Ce mois-ci pourtant, chacun va célébrer l’histoire des Noirs et j’en ferai partie. C’est super parce que j’aime les fêtes, mais honnêtement, le mois de l’histoire des Noirs m’a toujours semblé une commémoration un peu étrange pour les Canadiens. La culture Noire au Canada n’a rien à voir avec la culture Noire aux États-Unis où, pour les citoyens dont les ancêtres étaient des esclaves, les liens avec le pays ou les tribus ont été perdus. L’histoire des Noirs au Canada n’a pas du tout la même portée.
Lorsque j’étais enfant, je me souviens avoir dansé au pavillon Afro-Caribéen du Folklorama de Winnipeg (le plus vieux festival multiculturel au monde). Je me souviens avoir dansé sur scène dans mon costume aux couleurs chatoyantes et avoir aidé le danseur de limbo à allumer son bâton de flammes avant qu’il n’exécute des mouvements à faire pâlir de jalousie Keanu dans « La matrice ». J’ai alors pensé : je ne me souviens pas avoir jamais vu cela au Niger. Qu’y a-t-il ici qui fait partie de moi? De ma culture? Il n’y avait rien. Rien dans le spectacle n’était consacré au Nigéria. En fait, un festival à lui seul n’arriverait sans doute même pas à englober toutes les cultures africaines et caribéennes existantes.

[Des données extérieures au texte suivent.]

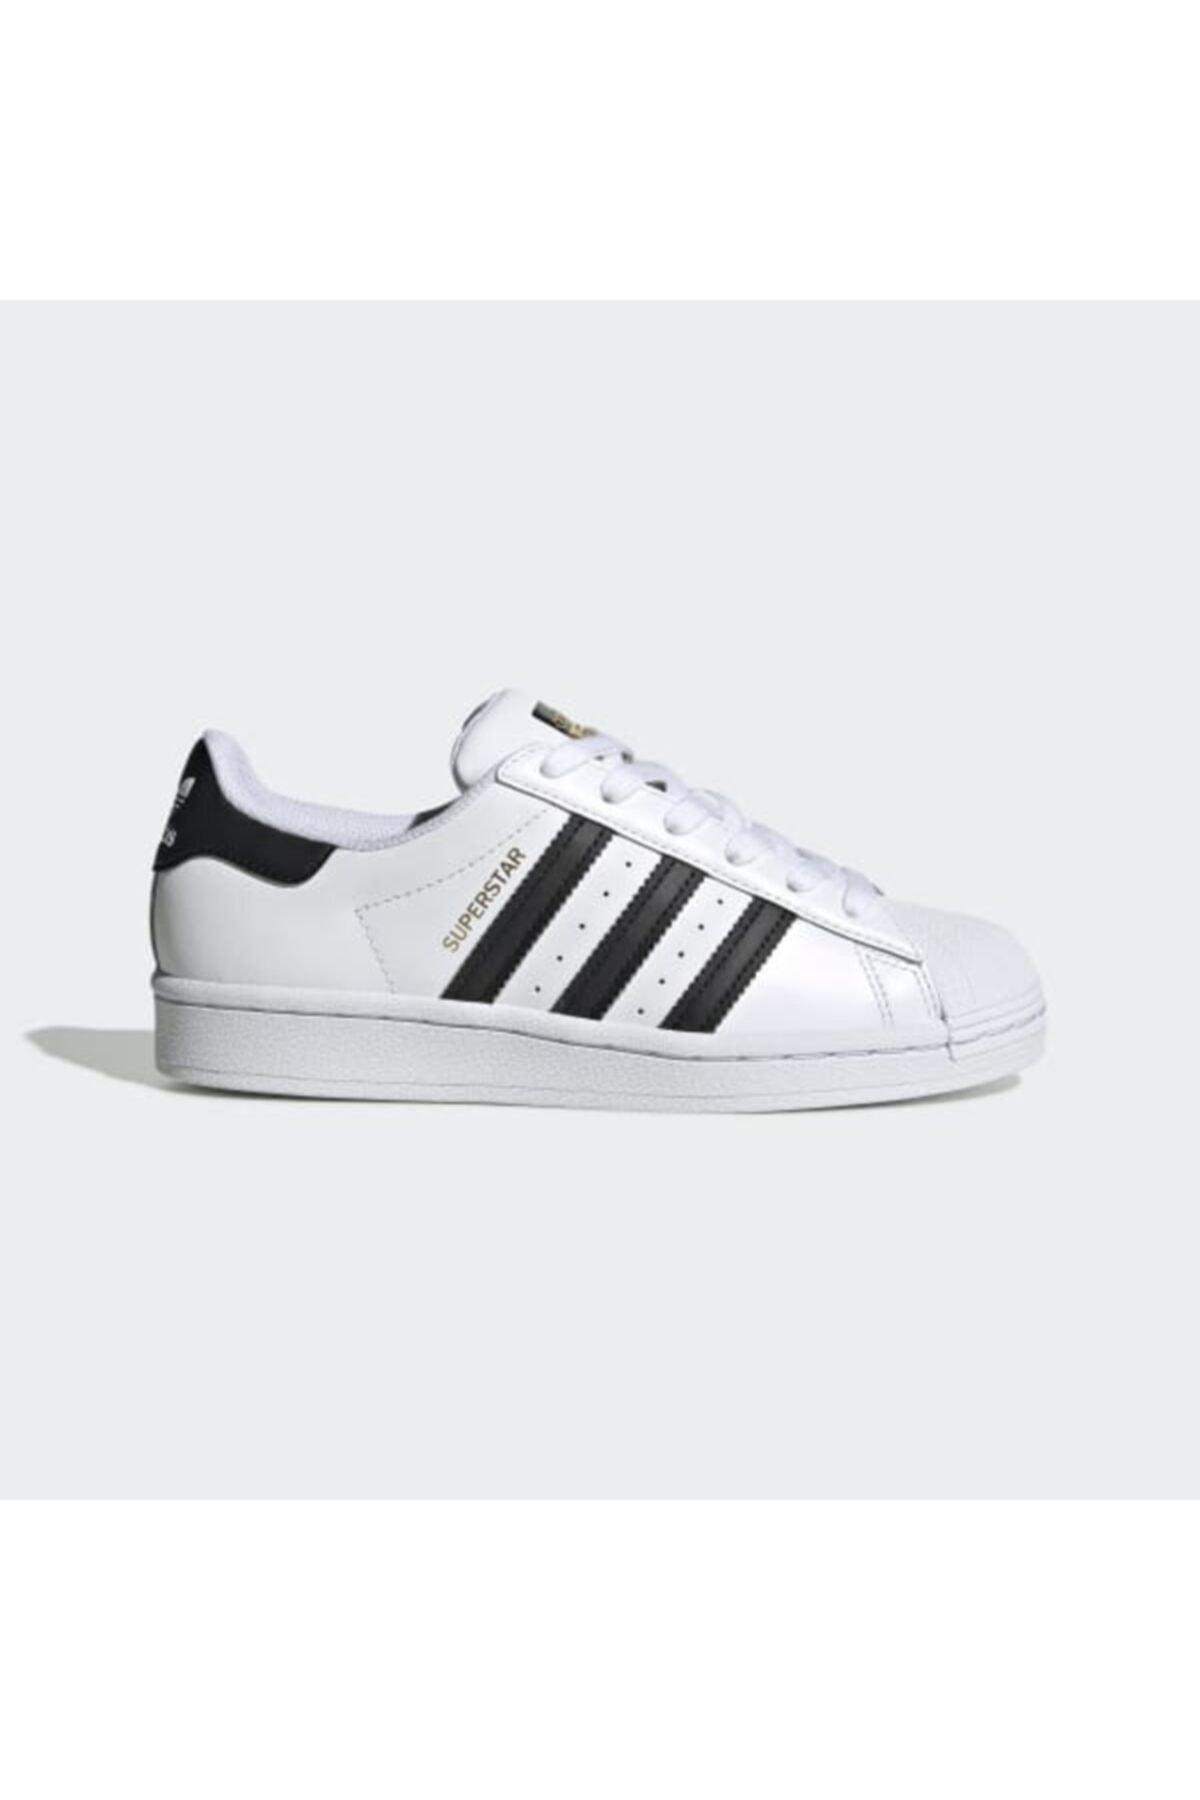 adidas Superstar (Gs) Spor Ayakkabı 1

Les Canadiens d’origine Noire sont issus de nombreux pays aux cultures et aux histoires toutes différentes, et c’est cela qui façonne notre pays. Nous ne pouvons pas faire correspondre toutes les personnes Noires du Canada à une seule histoire. Être Noir, ce n’est pas être un habitant d’un seul et unique pays. Nous venons tous d’un endroit différent et nous apportons ici notre propre vision des choses pour la partager. Je suis une citoyenne canadienne née de parents immigrants venant de pays différents, aux traditions différentes, aux habitudes différentes, aux religions et aux coutumes différentes. C’est cela qui me distingue.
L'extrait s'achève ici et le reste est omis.